Venting In A Solid BLIND Would Be Rather Easy To Do. Go To Home Depot And Buy A Floor Register Vent. Get One That You Can Open And Close The Vents (actually Get 2). Put 1 In The Roof On The Left Side And The Other On The Floor Level On The Right Side Or In Reverse So You Create A Cross Draft Which Will Draw And Vent Fresh Air. In A Pop-up Blind Do The Same With Any Two Windows And Install The Camo Netting And Maybe Once A Hour Unzip The Door For A Complete Re-supply Of Fresh Air.
Not A Real Big Problem Either Way. I Use Both Styles Of Buddy Heater In My Bow, Gun Deer Blinds And Duck Blinds.
Now As For That Stay Warm Hard A** Style Of Tuff It ---thats Fine And Dandy If You Like It, But Anyone Can Be Cold And Miserable, The Option Here Is To Stay Warm All Day And Enjoy Your Hunt! My Dad Was In That Old Camp Of Thought (86) Until That Majic Moment Of Heat Was Introduced To Him, He Now Owns A Little Mr. Buddy Heater.


----------



## answerguy8 (Oct 15, 2001)

DANIEL MARK ZAPOLSKI said:


> Venting In A Solid BLIND Would Be Rather Easy To Do. Go To Home Depot And Buy A Floor Register Vent. Get One That You Can Open And Close The Vents (actually Get 2). Put 1 In The Roof On The Left Side And The Other On The Floor Level On The Right Side Or In Reverse So You Create A Cross Draft Which Will Draw And Vent Fresh Air. In A Pop-up Blind Do The Same With Any Two Windows And Install The Camo Netting And Maybe Once A Hour Unzip The Door For A Complete Re-supply Of Fresh Air.
> Not A Real Big Problem Either Way. I Use Both Styles Of Buddy Heater In My Bow, Gun Deer Blinds And Duck Blinds.
> Now As For That Stay Warm Hard A** Style Of Tuff It ---thats Fine And Dandy If You Like It, But Anyone Can Be Cold And Miserable, The Option Here Is To Stay Warm All Day And Enjoy Your Hunt! My Dad Was In That Old Camp Of Thought (86) Until That Majic Moment Of Heat Was Introduced To Him, He Now Owns A Little Mr. Buddy Heater.

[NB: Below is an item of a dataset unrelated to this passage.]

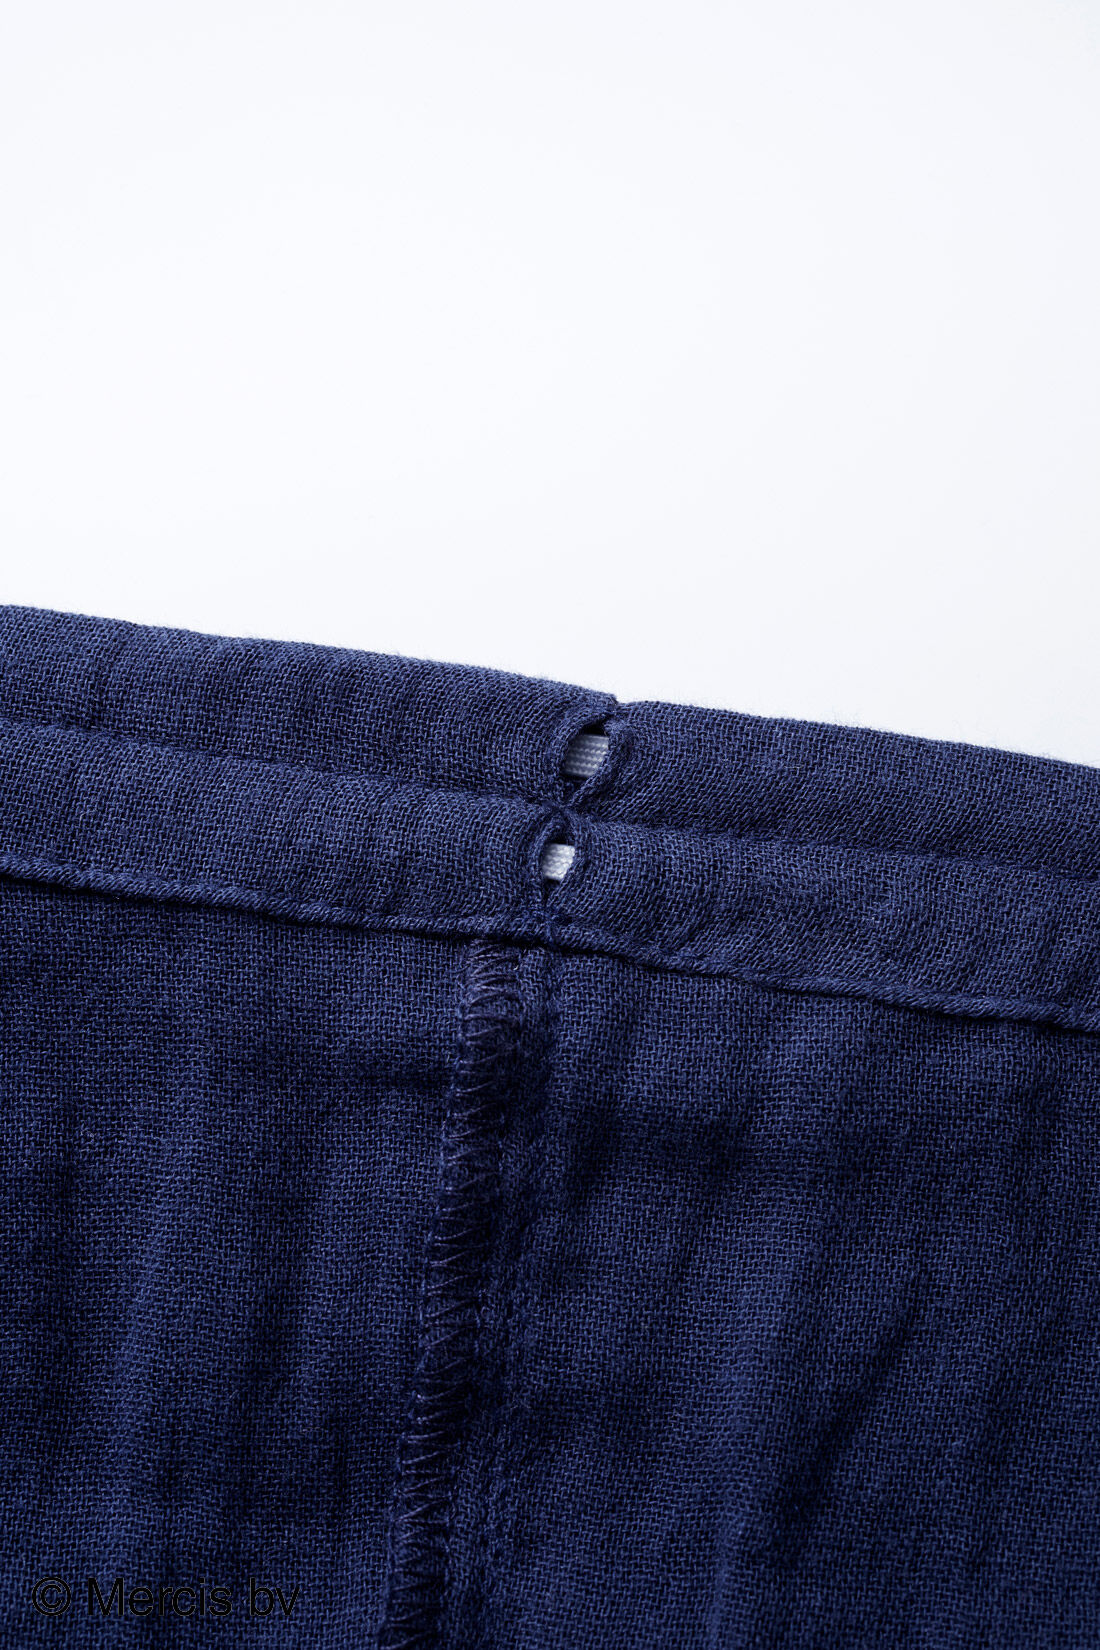 フェリシモMama|リブ イン コンフォート ×miffy　ふわふわダブルガーゼのストライプ半袖キッズセットアップ|パンツのウエスト・裾にはゴム替え口が付いています。

Mark, dear God please stop typing in all caps. It's impossible to read.


----------



## anthology86 (Nov 24, 2006)

That is kinda trippy, I've never seen anyone take the time to capitalize the first letter of every word. Anyway, I like the floor heater vent idea. If i go propane, I will defiantly use that. 

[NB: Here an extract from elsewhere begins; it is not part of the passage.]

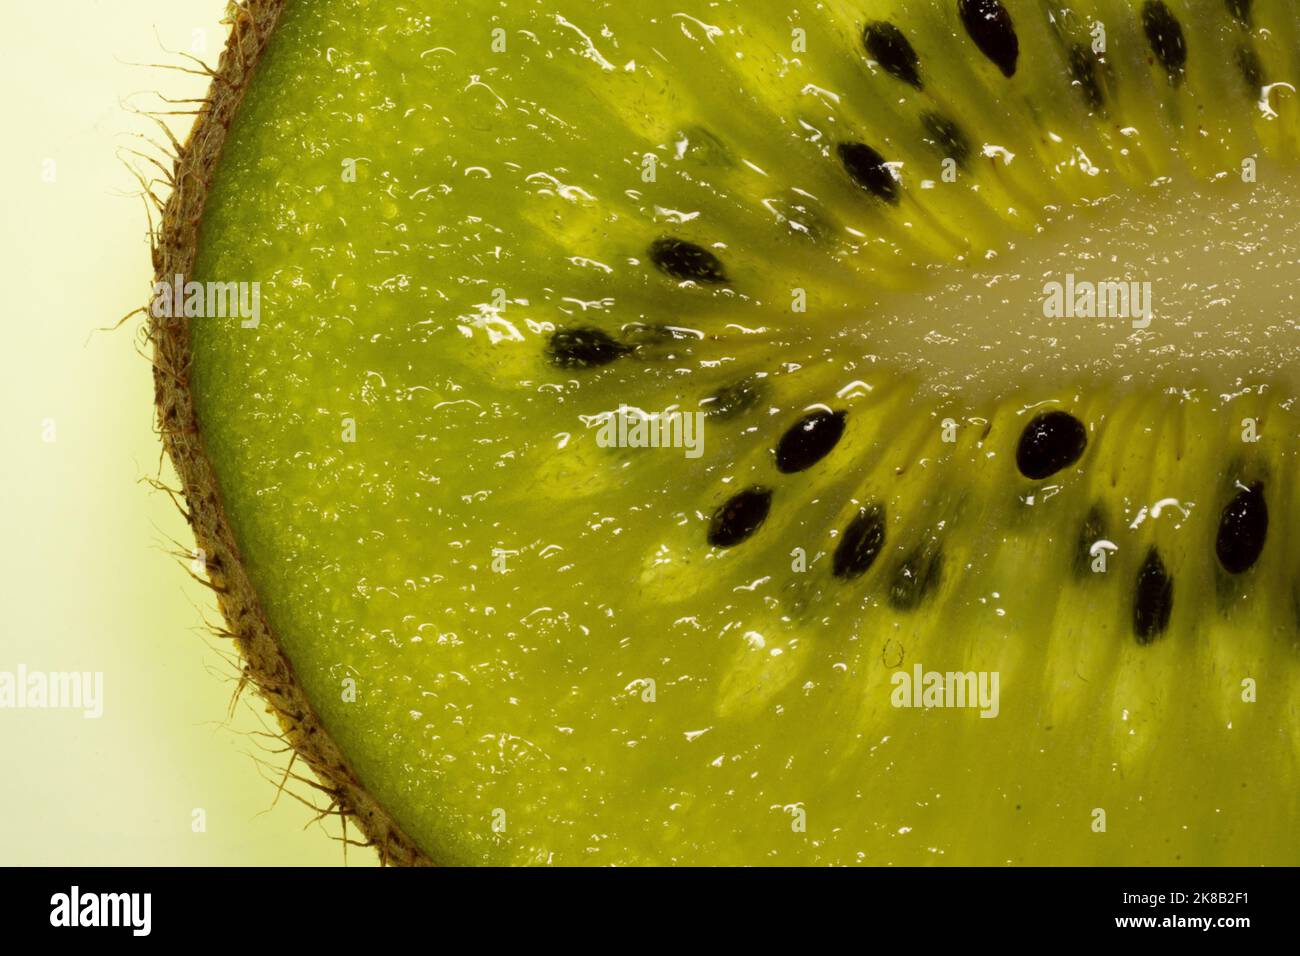 Slice of fresh juicy kiwi fruit close up, macro background.  Stock Photo

CMRM, the heating pads sound like a pretty good idea too, but i think they are kinda expensive. I could really enjoy those pads though for the couple of days that I'm in the woods out of the blind.

thanks again guys


----------



## safetreehunt (Oct 1, 2003)

Well at our camp, in our shanty blinds, we use just about everything mentioned in here,

Sterno
Nu-Way Wood, 
Nu-Way Gas
Mr. Buddies
Toilet paper in a can
Charcoal in a can
Radiant heaters
Back packing Cook stoves with a small propane bottle
Some old unvented gas stoves

There are no favorites, All work just fine. 
The wood stoves are smoky and take a little more work to keep going
The gas stove are a little noisy, but inside the blind it doesn't matter
The cook stove were a little dangerous with the open flame, like the sterno and toilet paper too.
The charcoal stinks

There's nothing really perfect, but they all work.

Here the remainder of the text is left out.